In all studies of patients with AS, etanercept has been administered at a dosage of 25 mg twice weekly. However, in a large clinical series of patients with rheumatoid arthritis, etanercept given at a dosage of 50 mg once weekly demonstrated a comparable efficacy and safety with respect to 25 mg administered twice weekly. Therefore, in this study we decided to use a dosage of 50 mg once weekly. The results seem to confirm that this dose is equally effective and safe in patients with AS. Due to the current unavailability in Italy of syringes prefilled with 50 mg of etanercept, the drug was given once weekly with 2 consecutive 25-mg injections on the same day. However, single 50-mg injections once weekly will have some advantages in terms of patient compliance, drug storage, reduction of injection number, and reduction of injection site reactions.

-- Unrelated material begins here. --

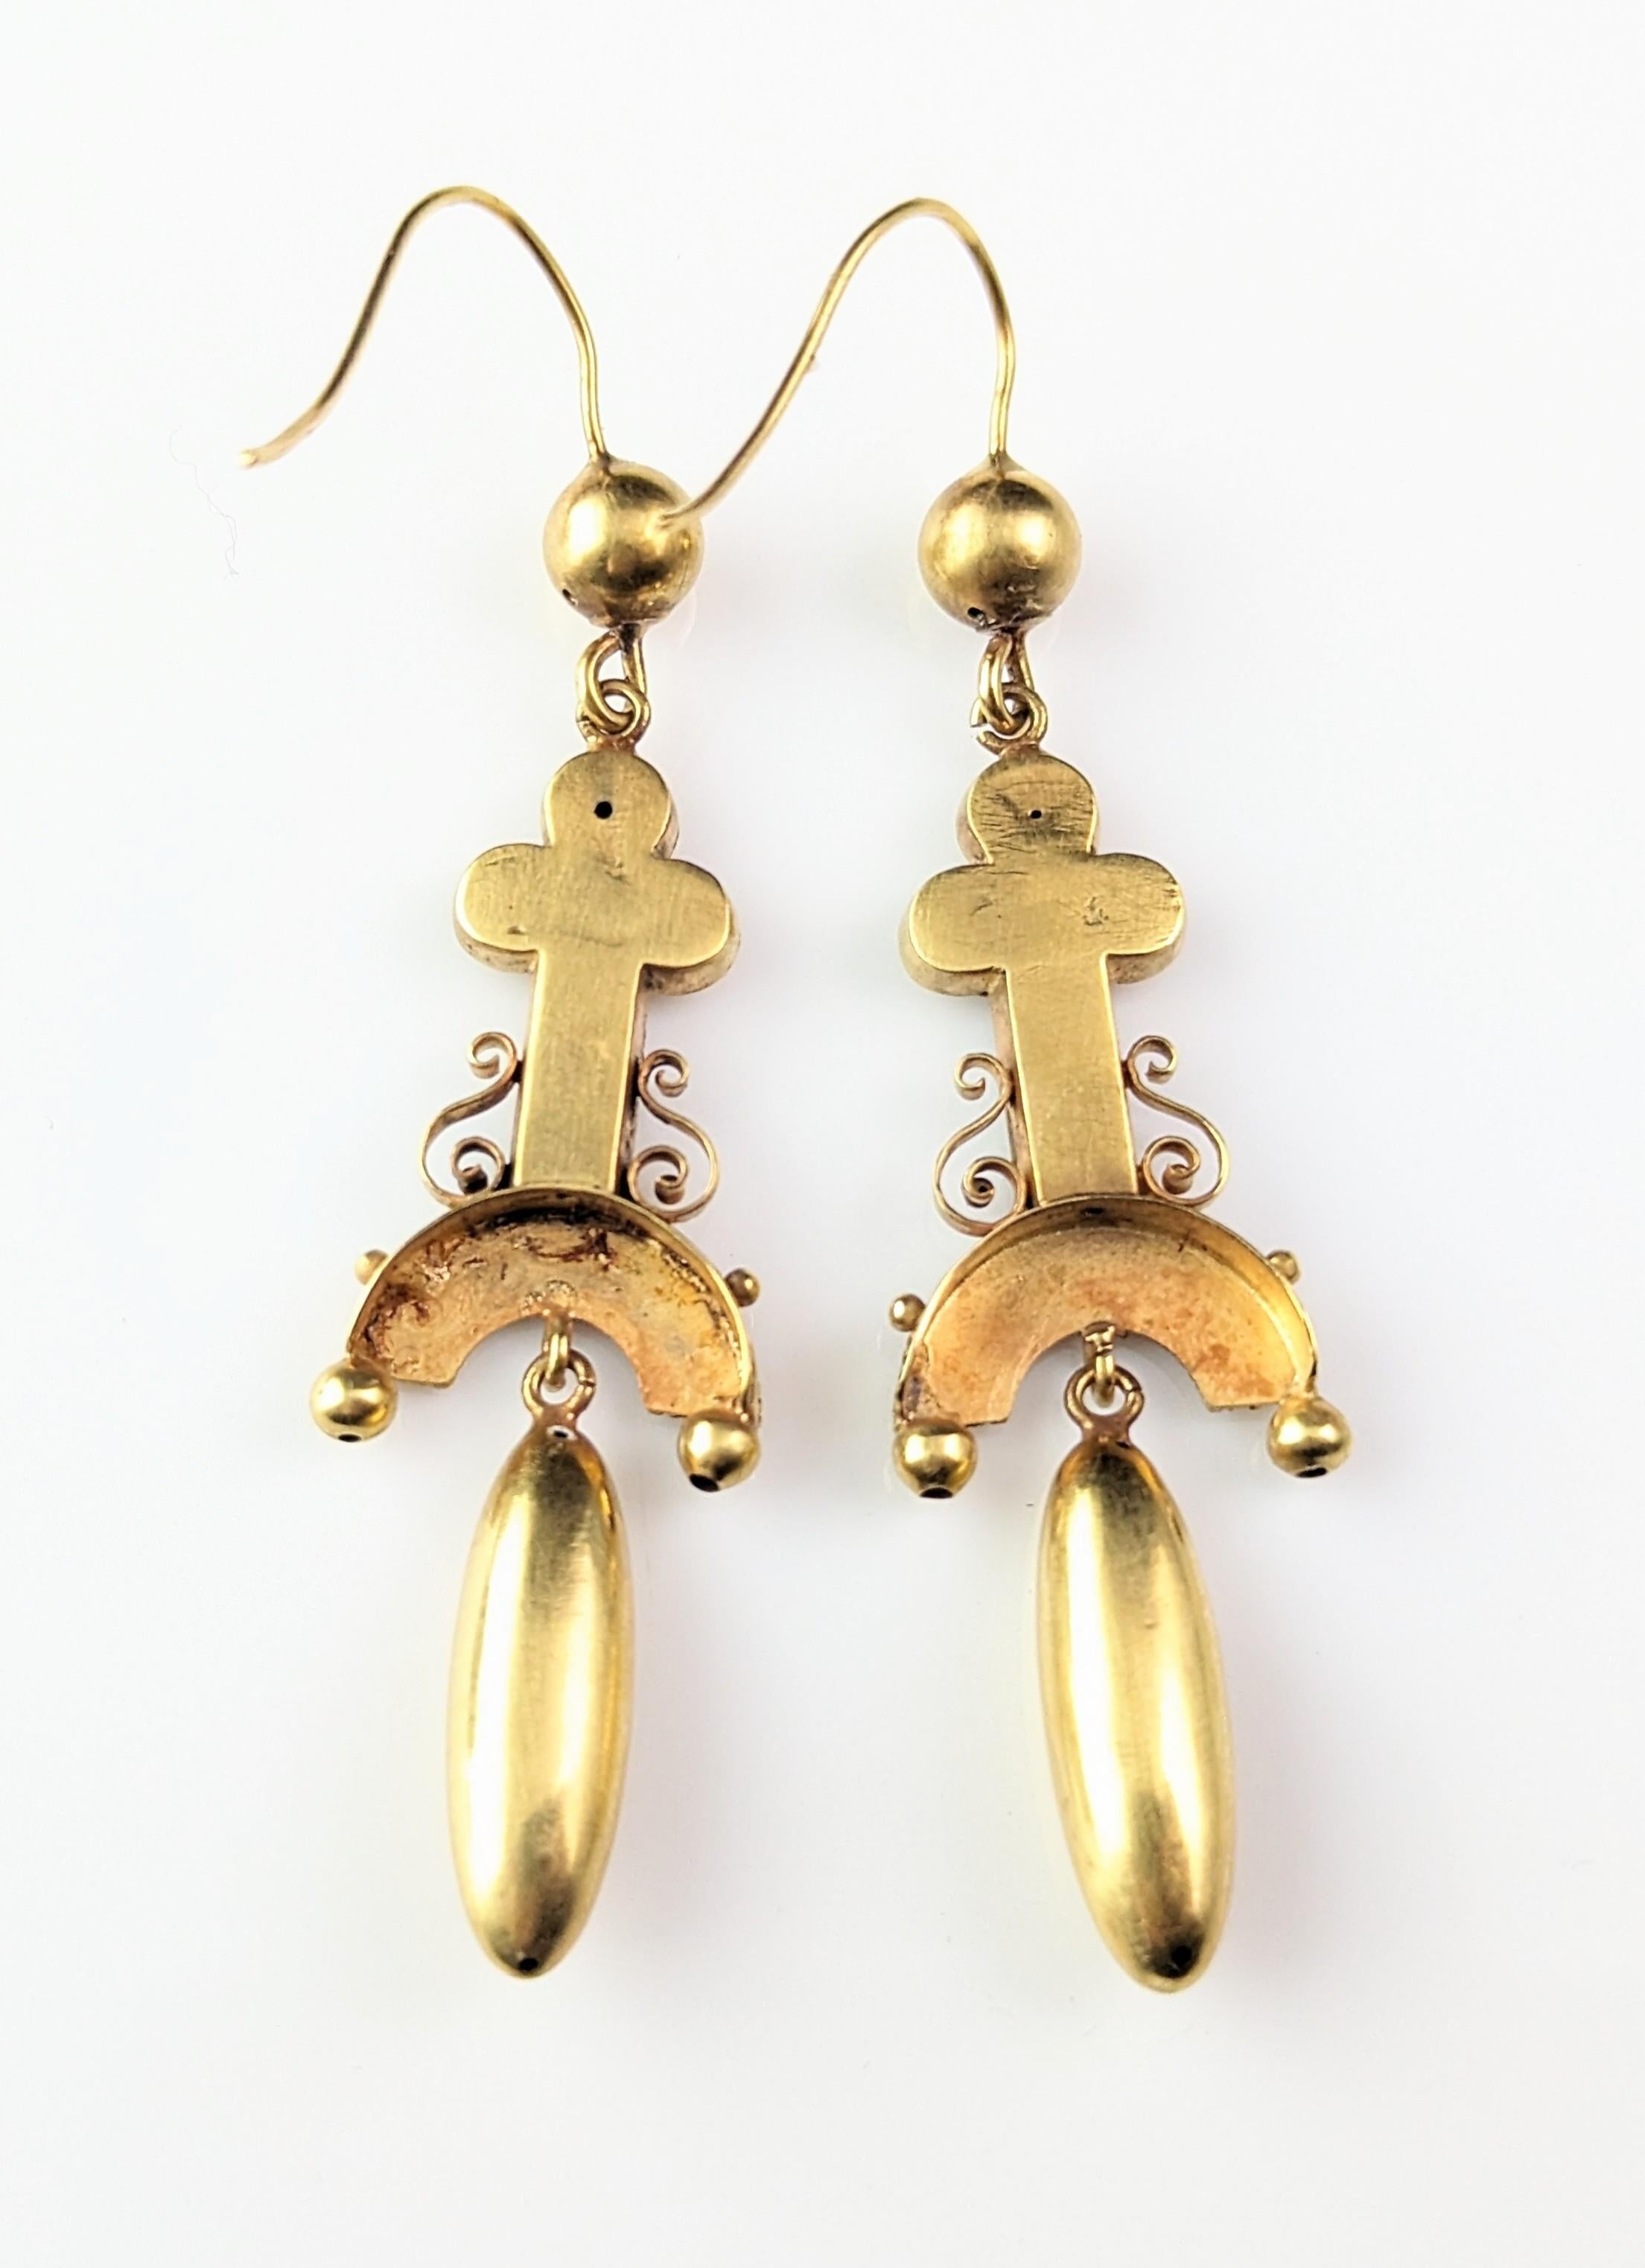 Antique Etruscan revival earrings, 15k yellow gold  For Sale 7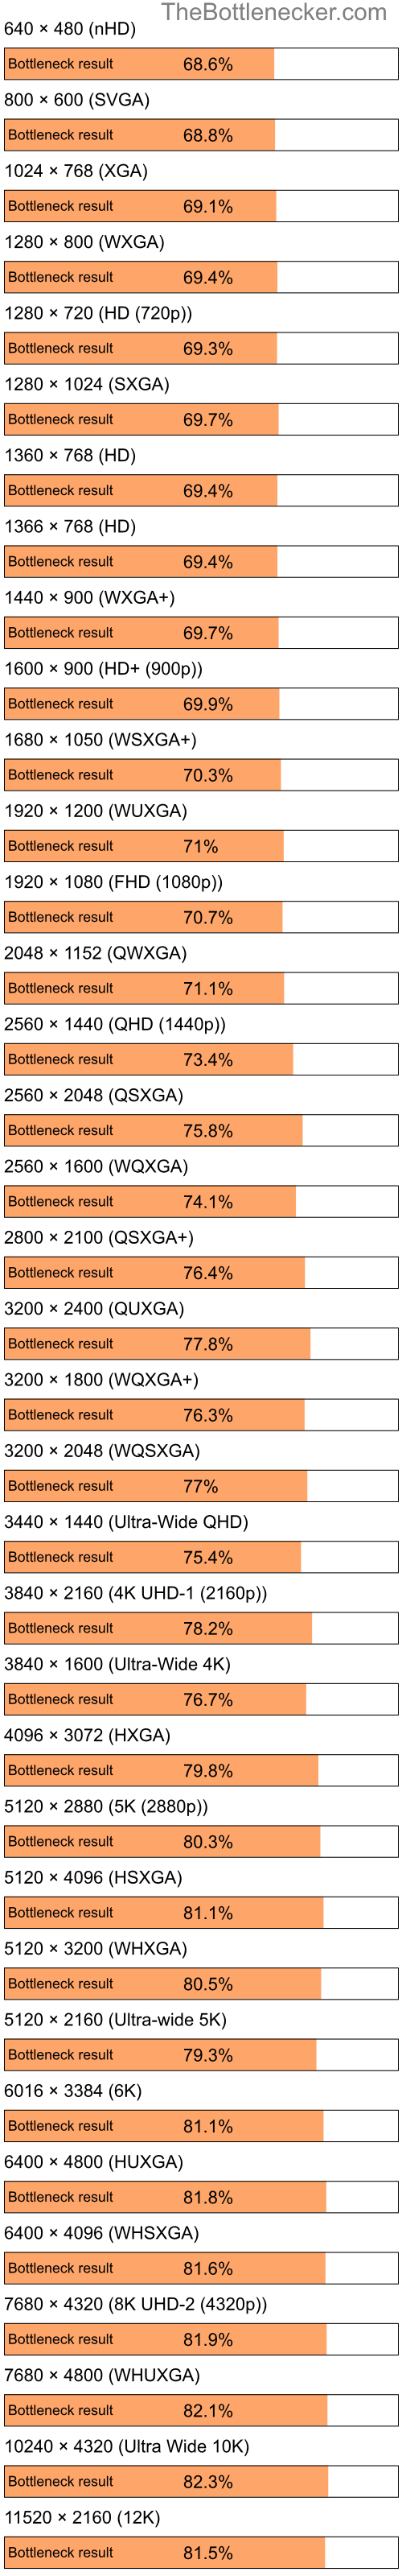 Bottleneck results by resolution for Intel Pentium 4 and NVIDIA nForce 630a in Processor Intense Tasks

In conclusion, our data indicate that switching to etanercept may represent a good therapeutic option for patients with AS who are resistant or intolerant to infliximab. Switching to etanercept after infliximab treatment escape restores the clinical response in the majority of patients. Moreover, etanercept, administered at a dosage of 50 mg once weekly, is effective and well tolerated in patients with AS.